Evidence of meeting #120 for Finance in the 42nd Parliament, 1st Session. (The original version is on Parliament’s site, as are the minutes.) The winning word was economy.

A video is available from Parliament.

On the agenda

MPs speaking

Also speaking

Stephen S. Poloz  Governor, Bank of Canada
Carolyn A. Wilkins  Senior Deputy Governor, Bank of Canada
Jean-Denis Fréchette  Parliamentary Budget Officer, Office of the Parliamentary Budget Officer
Chris Matier  Senior Director, Economic and Fiscal Analysis, Office of the Parliamentary Budget Officer
Mostafa Askari  Deputy Parliamentary Budget Officer, Office of the Parliamentary Budget Officer
Trevor Shaw  Economic Advisor, Analyst, Office of the Parliamentary Budget Officer

4:55 p.m.

Governor, Bank of Canada

Stephen S. Poloz

This is a question that depends on the divergence in the inflation paths in the two countries. In the example that I gave there was a swing of some 75 basis points between Canada and the United States during 2015. There have been other episodes similar to that.

The truthful answer is that it only depends. I couldn't speculate on what is the maximum divergence we could sustain, but it would just depend on the underlying shocks.

I remember studying the early 1970s when Canada first went back to a flexible exchange rate. There was a massive divergence between the Canadian and U.S. economies at that time, and the exchange rate, as soon as it was unleashed, rose by some 10¢ in a very short space of time because of that divergence.

Really, I think the most important thing that helps us equate when there is a divergence is the exchange rate. Interest rates are less the engine of correcting that. They're more of a facilitator, if I can put it this way.

4:55 p.m.

Liberal

The Chair Liberal Wayne Easter

Thank you.

Mr. Sorbara, you have the last segment.

4:55 p.m.

Liberal

Francesco Sorbara Liberal Vaughan—Woodbridge, ON

Thank you, Mr. Chair.

Governor, you had commented, or the deputy governor commented on the labour force productivity in the last year or so, showing some pickup in trajectory. I was just wondering what you think is behind that pickup. How important is it to raise the standard of living for all Canadians to get that labour force number going in that way?

4:55 p.m.

Governor, Bank of Canada

Stephen S. Poloz

Productivity in Canada is growing sufficiently strongly now, in aggregate somewhere around 3%, and in the goods sector, more than 4%, which is quite unusual. That suggests to me that it's for the most part a cyclical thing that will slow down to something more normal in the near term, but that remains to be seen.

What I think it reflects is the transition of the economy in the wake of the collapse in oil prices, the shrinkage of the oil sector, and then the expansion in other sectors coming in high-productivity areas. That's something that will continue, provided that those two growth tracks remain in place.

It's crucial that we get that behaviour because that is the basis for expanding incomes.

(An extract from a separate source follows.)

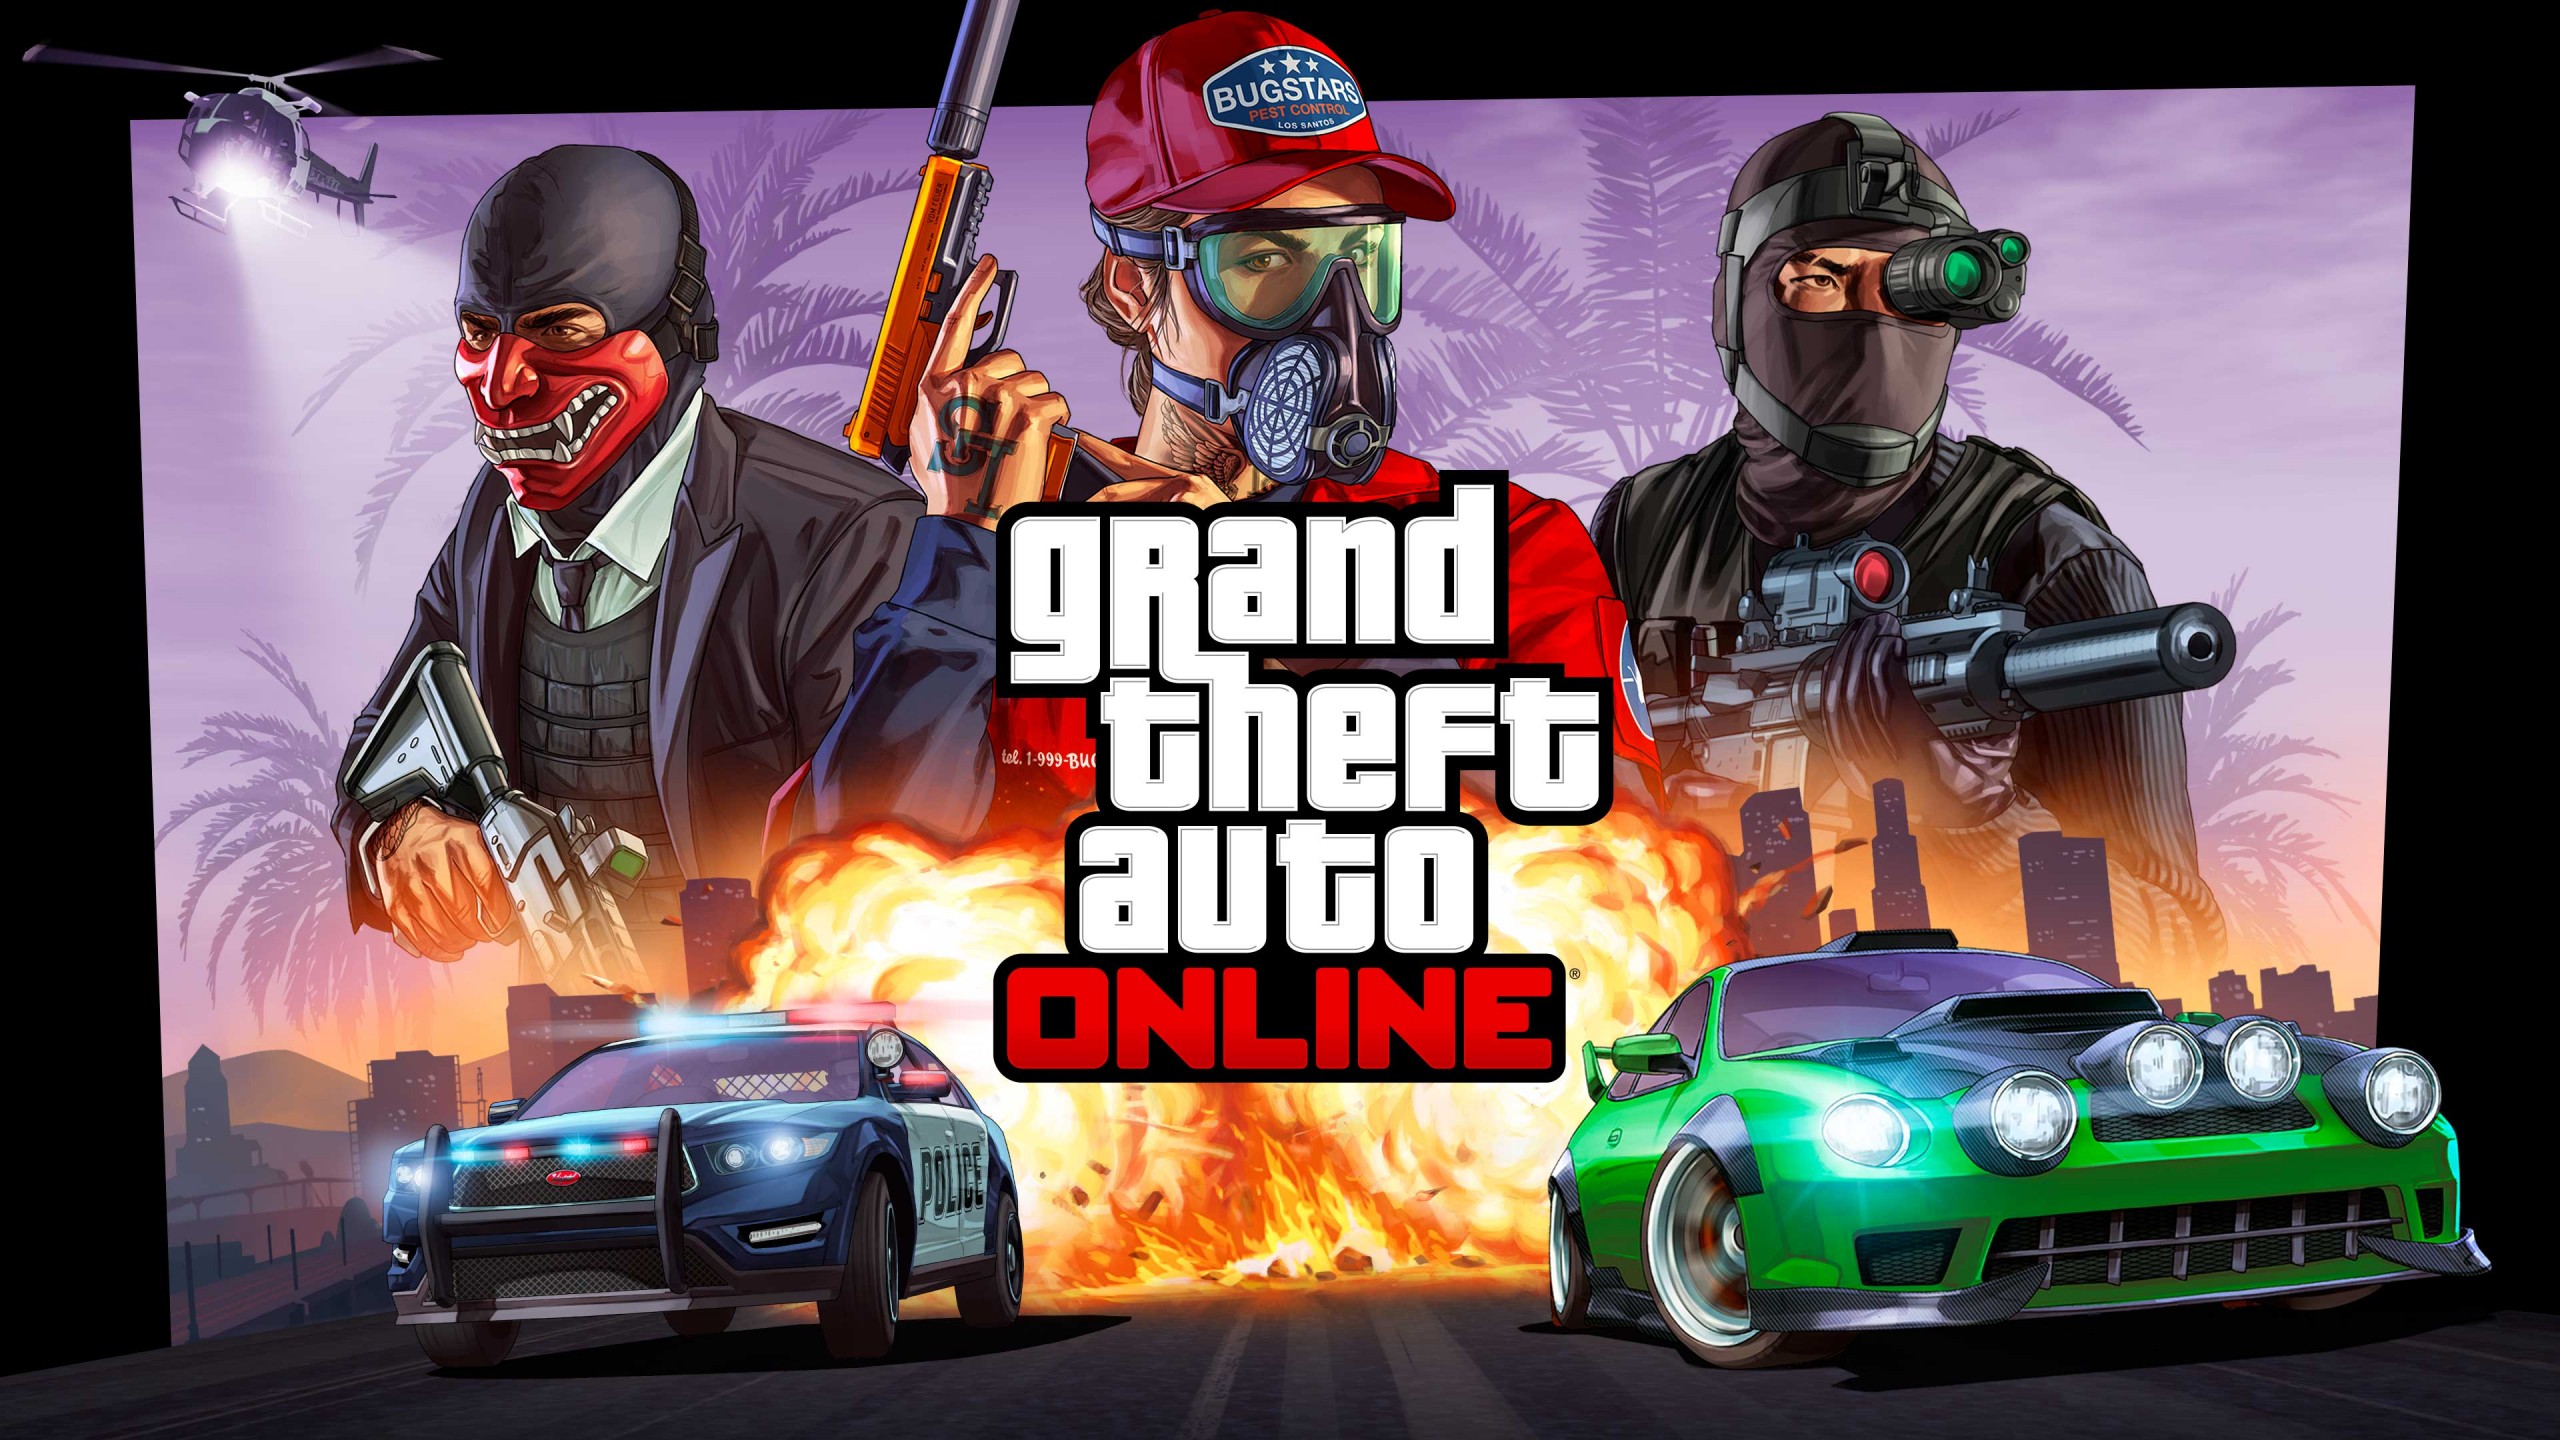 GTA Online Artworks & Wallpaper. Grand Theft Auto V

Right now, Canada's unit labour costs are actually falling relative to the United States, but falling in absolute terms because productivity is outpacing wages. What we would expect to see in the near term is that things will pick up. As the excess labour is being picked up out of the labour market, wage growth is going to pick up because companies can afford it.

5 p.m.

Liberal

Francesco Sorbara Liberal Vaughan—Woodbridge, ON

Thank you.

5 p.m.

Liberal

The Chair Liberal Wayne Easter

That will end this session with the governor and the senior deputy governor. Thank you very much for your responses to questions.

Committee members, we will suspend for about a minute and then deal with the committee business before we start with the PBO.

Thank you, again, Governor. The meeting is suspended.

5:05 p.m.

Liberal

The Chair Liberal Wayne Easter

We shall reconvene. Before we start with the parliamentary budget officer, we have some committee business to deal with. Members have a report from the subcommittee on committee business going forward. I'll just go through it and then we'll see if there are questions.

Point one we talked about this morning. We had a little difficulty figuring out how to deal with embargoed copies. We agreed that an embargoed copy of a report from the parliamentary budget officer, 24 hours before it is made public, be distributed to members of the committee, and the report remains confidential until it is made public by the PBO.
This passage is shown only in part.